Presence is a kinetic scultpure that use pose estimation powered by PoseNet to perceive and mimic the form of the viewer. It was shown at the 2018 Makerfaire.

Background: for my final project for Intro to Physical Computing and Design for Digital Fabrication at ITP, I created Presence, a kinetic sculpture that moved in the direction of a viewers gaze. It used a gaze detection convolutional neaural network to estimate gaze position for a single user. I showed this installation at the 2017 ITP Winter Show.

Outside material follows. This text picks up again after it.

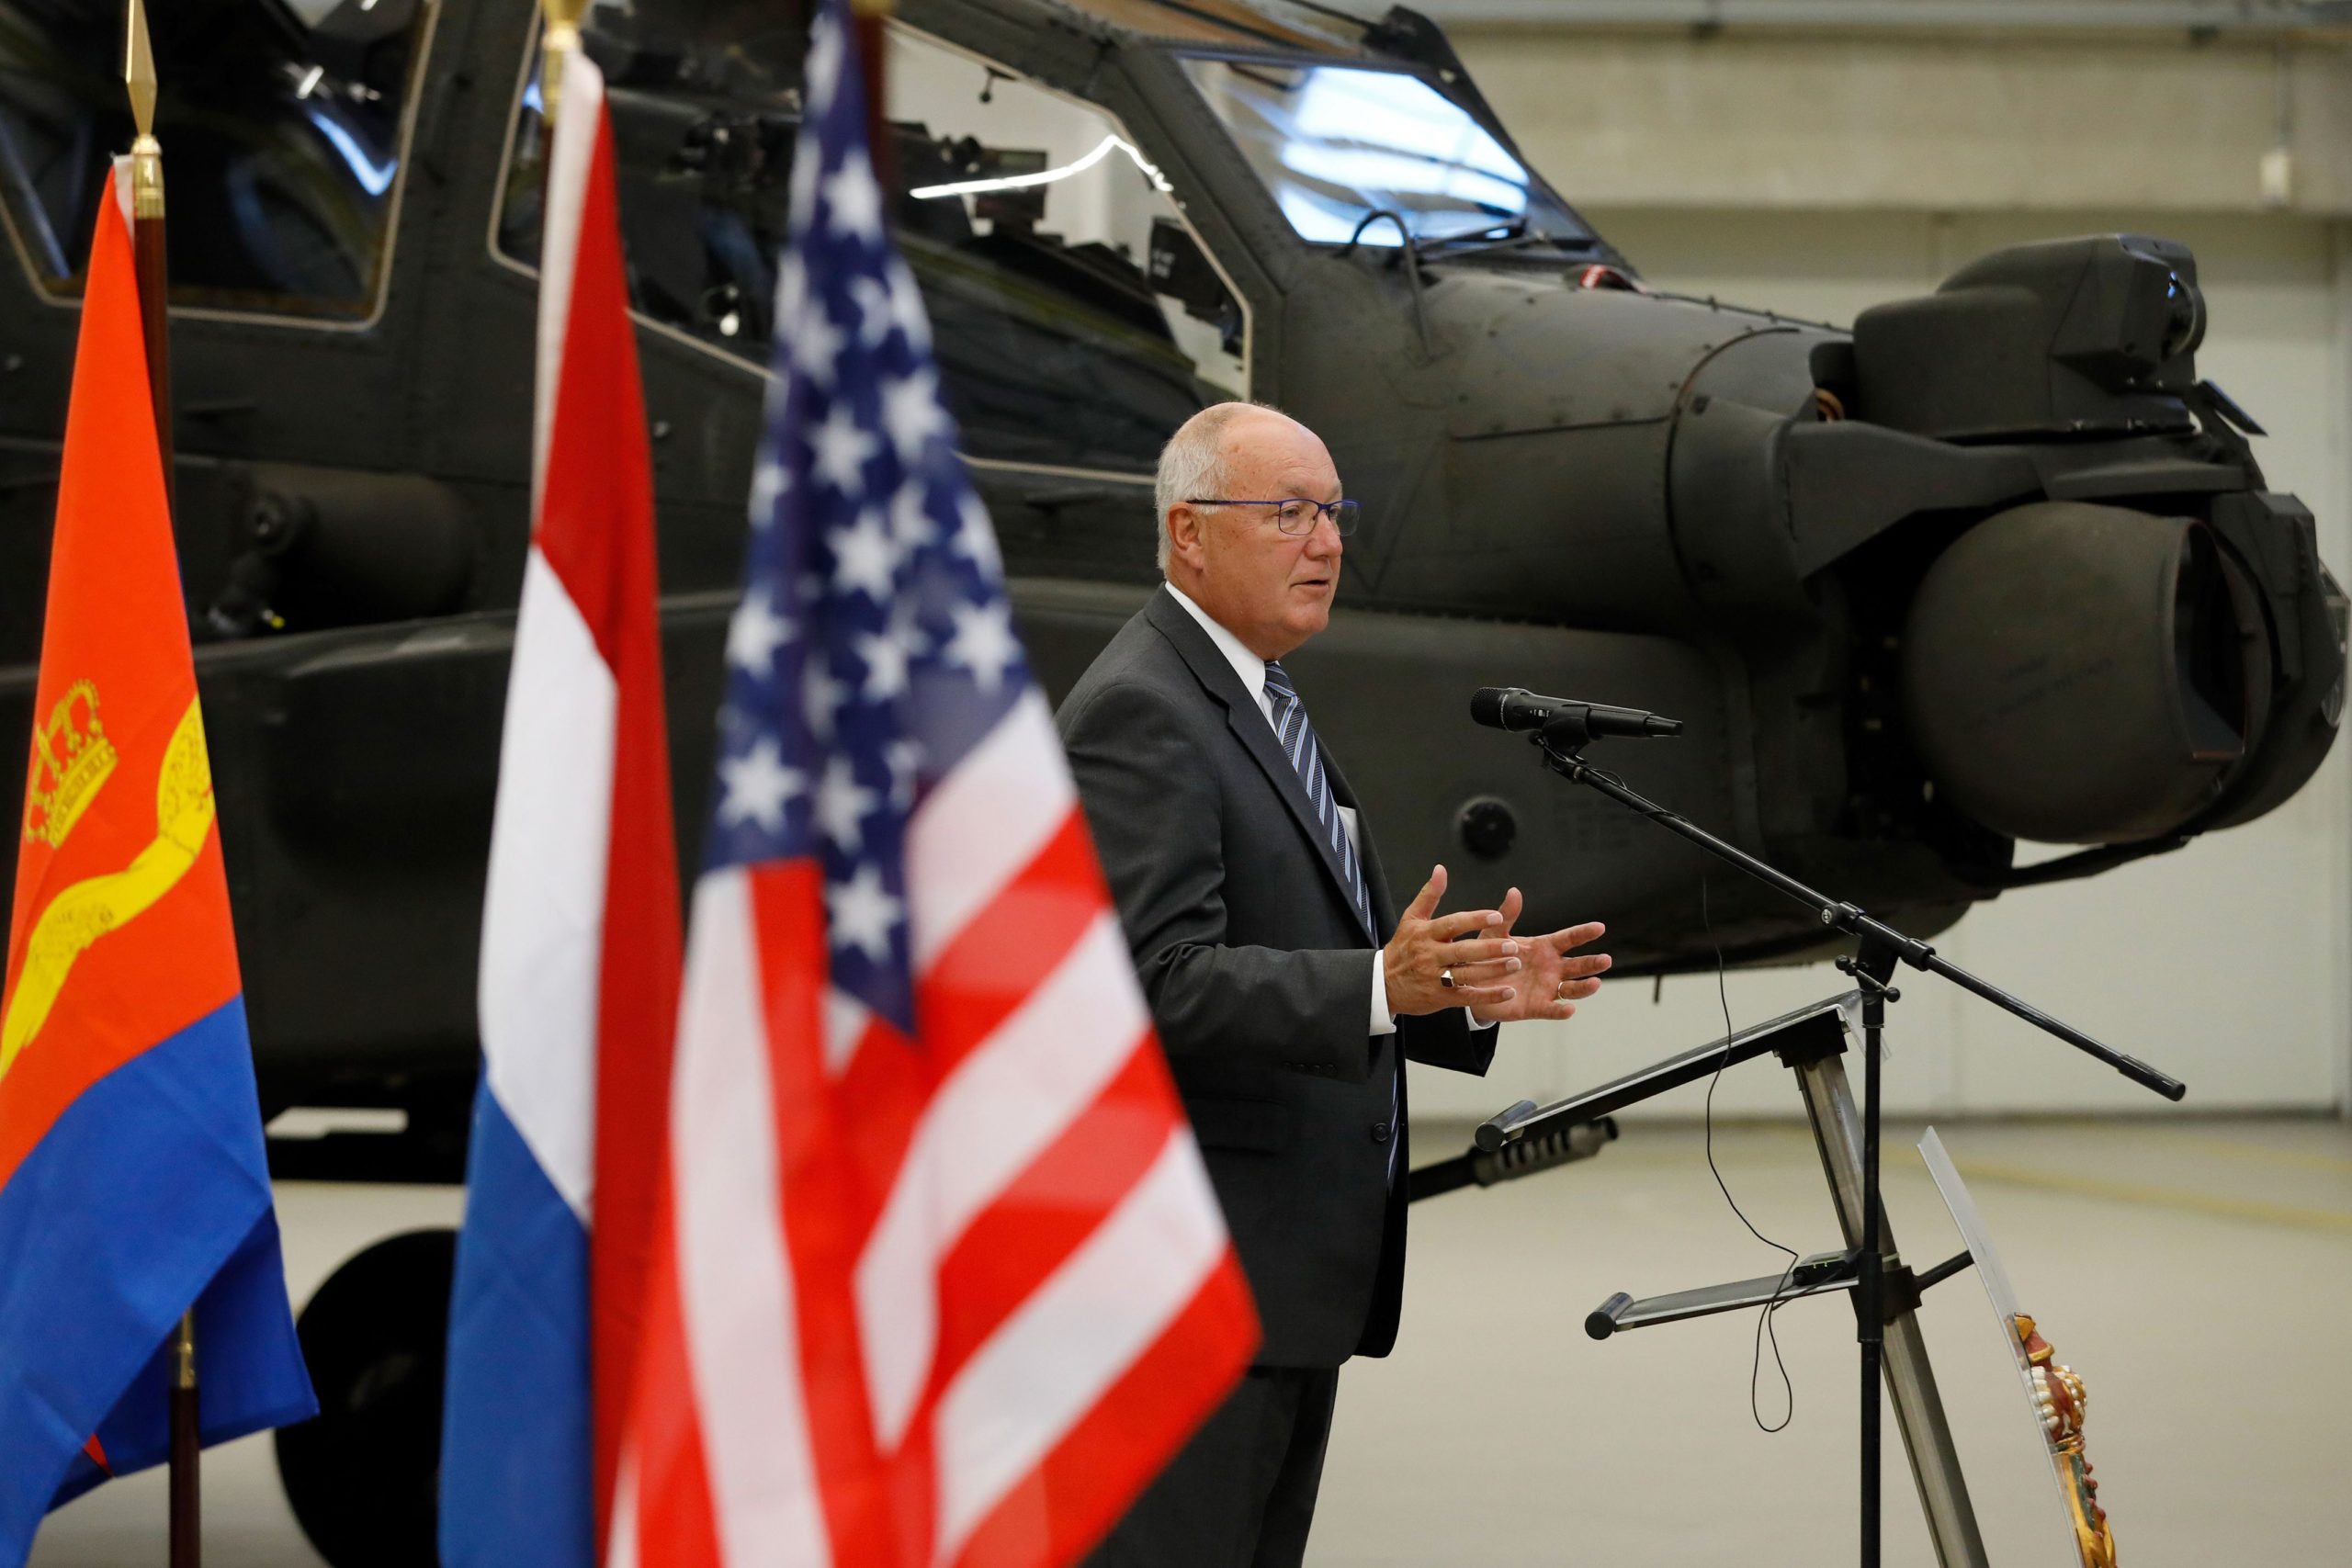 US ambassador Pete Hoekstra speaks at airbase Gilze-Rijen during a signing ceremony for the upgrate of 28 Apache helicopters of the Royal Airforce at Gilze Rijen, on September 14, 2018. (Photo by Bas CZERWINSKI / ANP / AFP) / Netherlands OUT (Photo credit should read BAS CZERWINSKI/AFP via Getty Images)

View this post on Instagram

Controlling Presence just with her eyes. #computervision #gaze #kineticsculpture #itp #itpwintershow

A post shared by Dan (@dan_oved) on

I observed users interacting with the project and noticed they had difficulty understanding how to control the structure with their gaze. They needed specific instructions and often coaching. Without any instruction, the most natural instinct for people was to go up and wave their arms or move in front of it. Children were the most telling - they would move rotate their faces and heads left and right instead of their eyes, which would prevent it from working at all because for the gaze detection to work the front of the face must be visible to the camera.

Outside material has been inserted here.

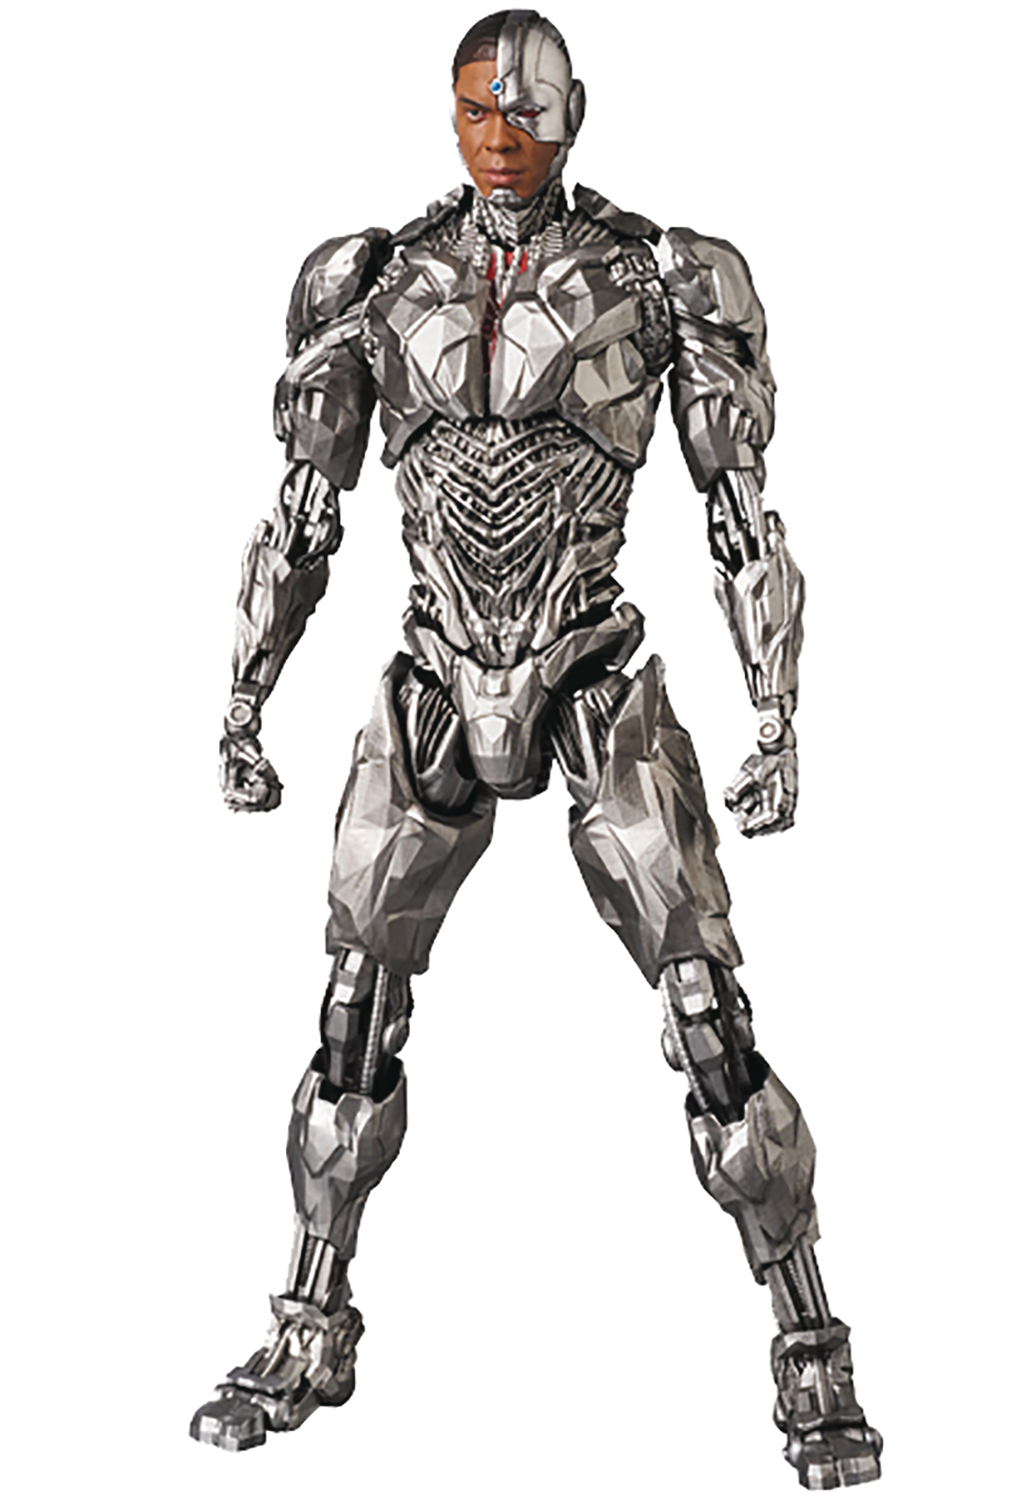 Justice League: Cyborg [MAFEX 6" Action Figure]

Fast-forward to fall of 2018, I submitted and was accepted to show this installation at the 2018 MakerFaire. I then realized it would be great to try out using gestures from human poses as control, as from my observations this fit in more naturally to how users expect to interact with something like this.

Having worked on the PoseNet machine learning model in the spring, and having learned TouchDesigner over the summer, I switched the application to control the installation from Processing to TouchDesigner, and changed the form of control from following a gaze position to mimicking the structure of the arms and the shoulders of the person in front of the sculpture.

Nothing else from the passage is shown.